I got an email asking me what my thoughts are on dimensional modeling so I thought it would be better to make a post about this rather than an email. Thanks Allan for the inspiration.
First, I think it would be very wise to read books from Ralph Kimball and Bill Inmon to understand the approach to data modeling for the Enterprise Data Warehouse. Dimensional modeling can be good if not great but it does have drawbacks. First, let’s talk about what it is.
Dimensional modeling is a data model that is broken up into Dimensions and Facts. Dimensions have hierarchies like Country, Region, State, and City while Facts have measures like quantity, price, cost, and score. This approach makes it simple for a BI tool to take a person’s input in a GUI and translate that to SQL that is reasonably sure it will get the correct result. If you have a good dimensional model then you can switch BI Tools rather easily too.
Building the Model
How you build the model is argued by both Inmon and Kimball fans. One approach is to take various disparate data models from source databases and merge this into a common third normal form (3NF) structure. Then you can create dimensional models “easily” based on the various customers’ needs. The other approach is to skip the 3NF model and build sets of dimensional models with conforming dimensions for the entire enterprise.
I have found that the Kimball approach works better for the projects I’ve worked on. He does a great job in his books to stress the importance of having a strong sponsor so that IT doesn’t build a dimensional model they think the business wants. That is great advice. The problem with this is the “loser” of any dispute on how the model should be built won’t use the model. Terms are frequently overloaded in organizations and mean different things to different people. Getting everyone to agree on virtually every term in an organization is not usually feasible. So you end up with a model that only one group uses and it took too long to build because of the interviews and discussions.

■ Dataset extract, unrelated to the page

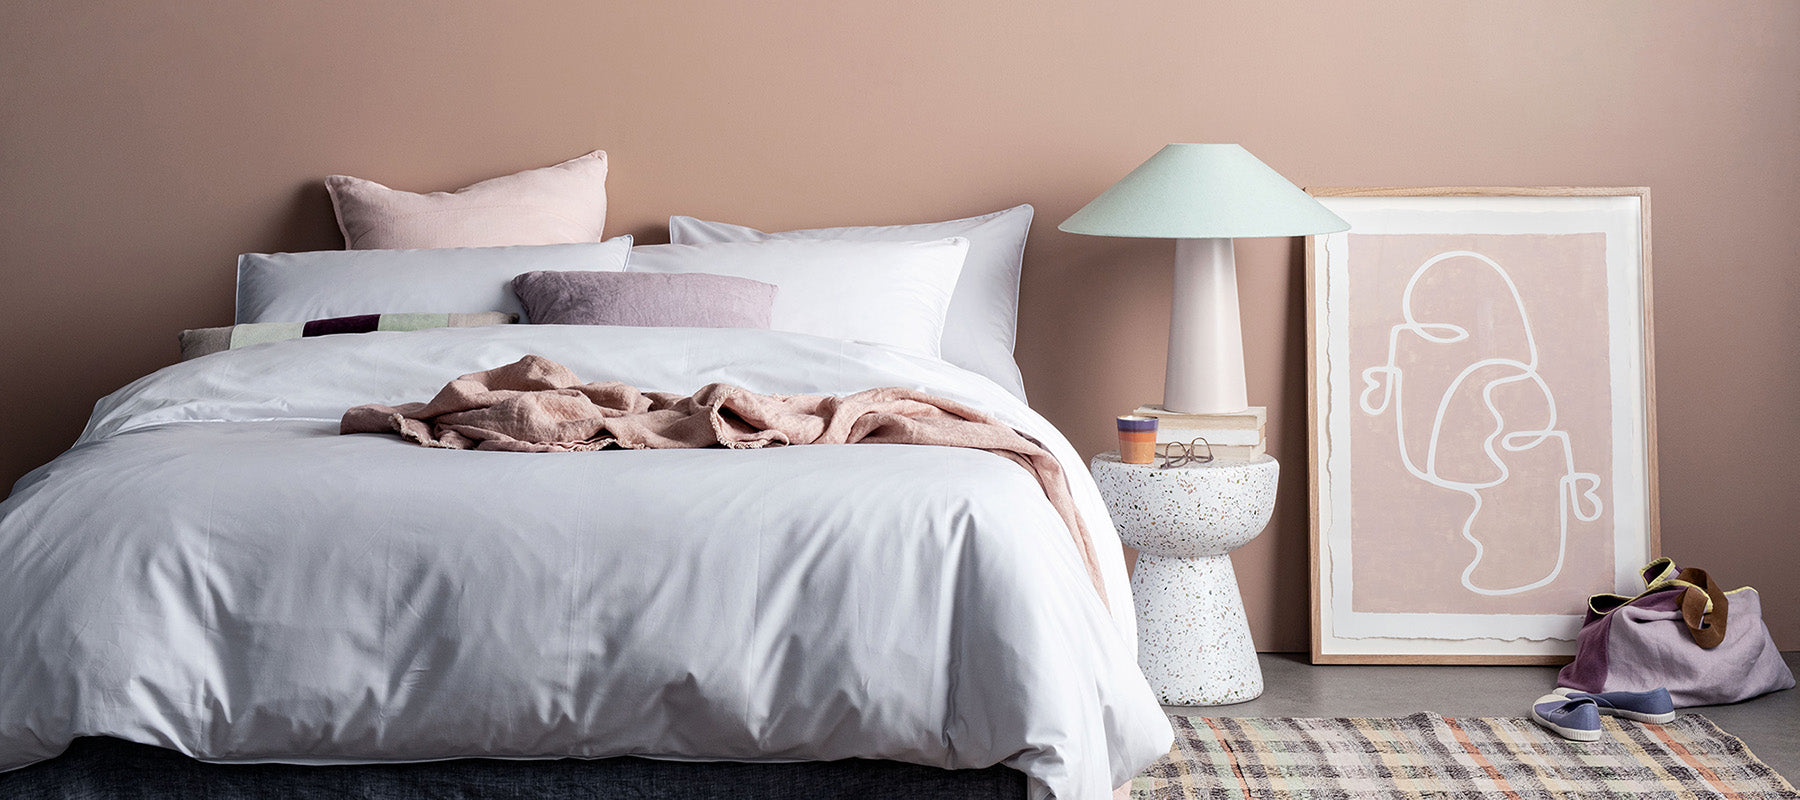 Schlafzimmer mit feiner grauer bettwäsche aus weichem tencel stoff. hautfarbene wand und diverse dekor artikel neben dem bett

This approach build that 3NF structure that takes the disparate data into a single model. So you acquire a new system or company and then that new data has to fit into this model. How long does that take to do? How much rework is there every time there is something that you hadn’t thought of?
A basic concept in project management is the Golden Triangle. It simple refers to the 3 variables in any project which are time, resources, and deliverables. You can’t control all 3 but you can control 2. You have to give some with one of these variables.
Most likely you have a fixed set of resources like 3 developers. You also have a set deliverable; build a dimensional model. The last variable is time and you can’t control this unless you either add more developers or deliver less of the model. This is key in understanding why a dimensional model has a big flaw. It takes too long to build it.
So what does the business users do while they wait for you to build their data model?
Time to Market
Time is everything in organizations. How fast can I get to my data? How fast can my queries execute? Making business users wait for you to build a model eats up time which equates to money. So why don’t you get out of the way?
I think most business users are smart and I think they know SQL. I’ve never been in an organization that doesn’t have SQL savvy business users. So if they are smart and know how to program enough to get their job done, why don’t you just give them the data?
I think the best model is a simple one. Just replicate the transactional systems into a large database like Greenplum and even Pivotal Hadoop now that it has HAWQ. Business users will query the data and then create their own de-normalized tables. You got out of their way and they got their job done much faster than if you created a dimensional model for them. You might build a dimensional model to make it easier to use with some BI tools after they have access to the data.
Most databases crumble on thought of letting users just execute any “bad” query they want. That is because most databases are designed for Online Transaction Processing (OLTP) and not big data. Look at my Tuning Guide for Greenplum to see how easy it is to maintain a rather robust database platform.
Direction of Industry
More and more organizations are embracing this approach. With Pivotal Hadoop or Greenplum database, you load all of the data into one cluster that scales easily, get great insights out of the data, have excellent time to market, have little to no development costs, and have very little administrator costs.
Businesses can’t wait for a long running queries and they certainly can’t wait for you to build a dimensional model.